What the exercise asks -
Copy the data exactly from the line that contains "Relax and effortlessly stay cool!" through the line that contains "#Arvo #Cresco #CrescoIndustrialProducts", keeping both end lines and leaving out everything else.

Records for the exercise -
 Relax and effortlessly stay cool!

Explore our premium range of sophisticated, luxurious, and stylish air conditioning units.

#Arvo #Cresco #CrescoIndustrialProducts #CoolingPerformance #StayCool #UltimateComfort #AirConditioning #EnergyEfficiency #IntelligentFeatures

* * *

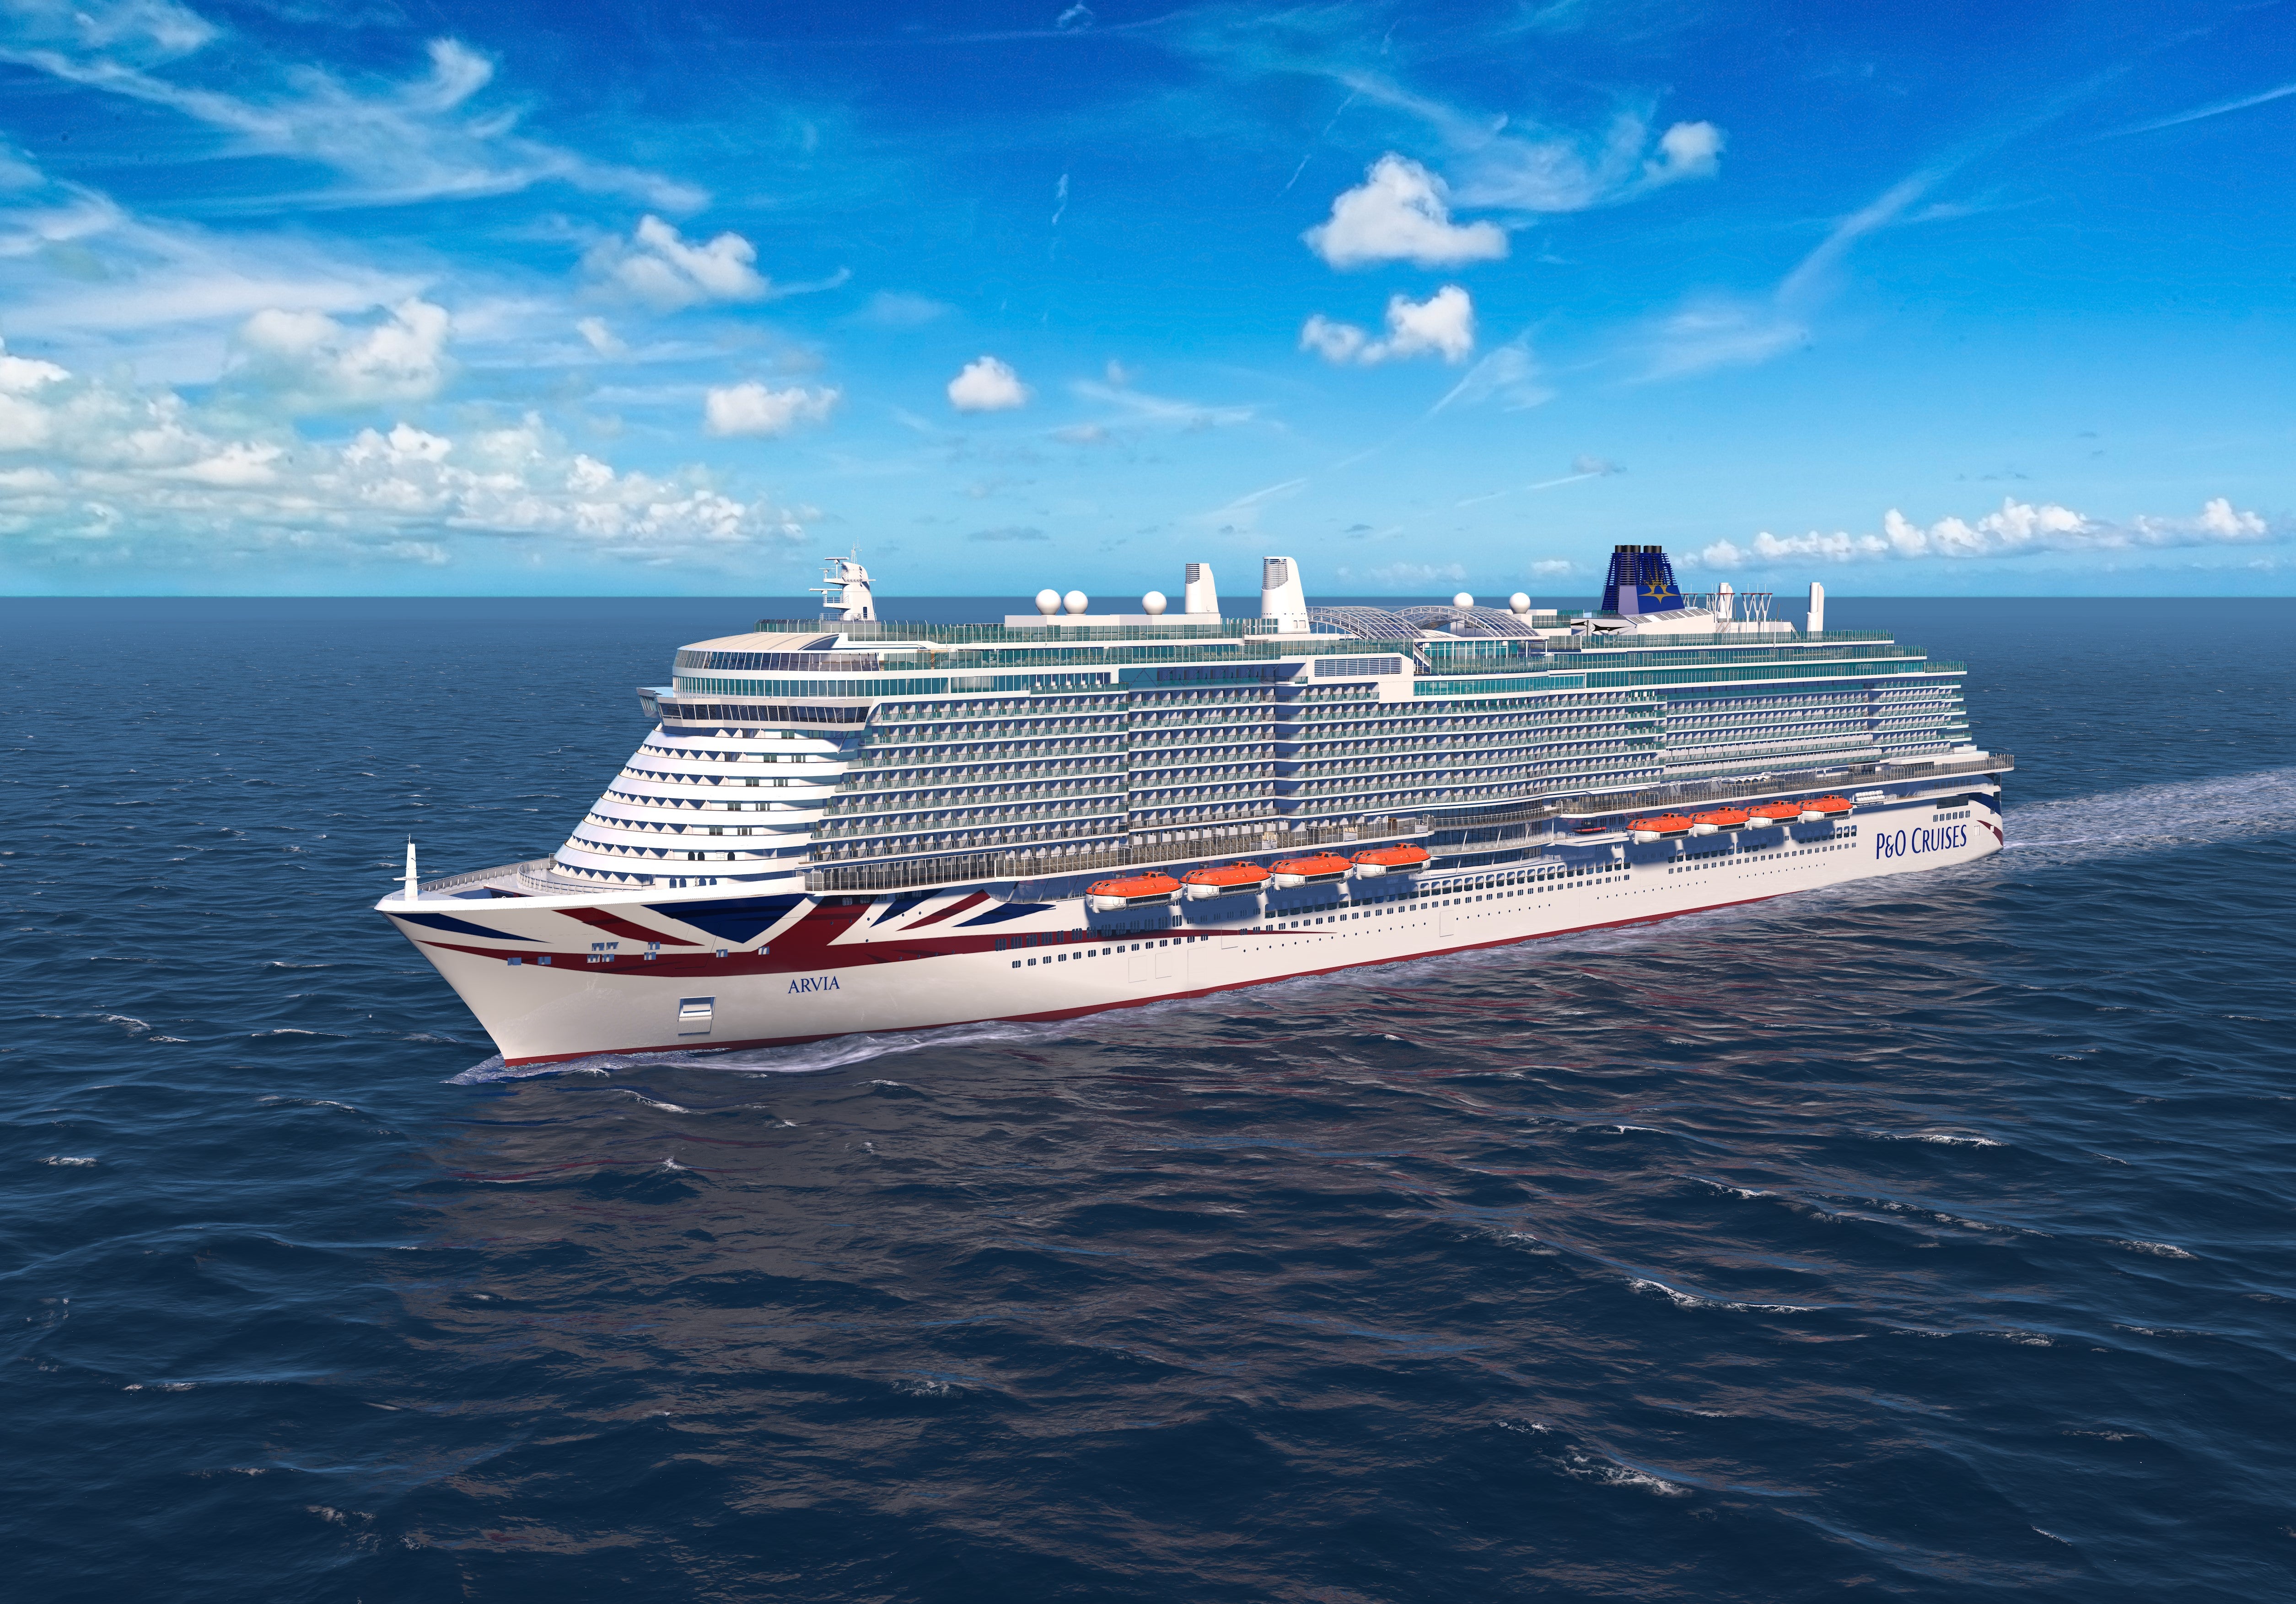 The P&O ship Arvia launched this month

Solution -
 Relax and effortlessly stay cool!

Explore our premium range of sophisticated, luxurious, and stylish air conditioning units.

#Arvo #Cresco #CrescoIndustrialProducts #CoolingPerformance #StayCool #UltimateComfort #AirConditioning #EnergyEfficiency #IntelligentFeatures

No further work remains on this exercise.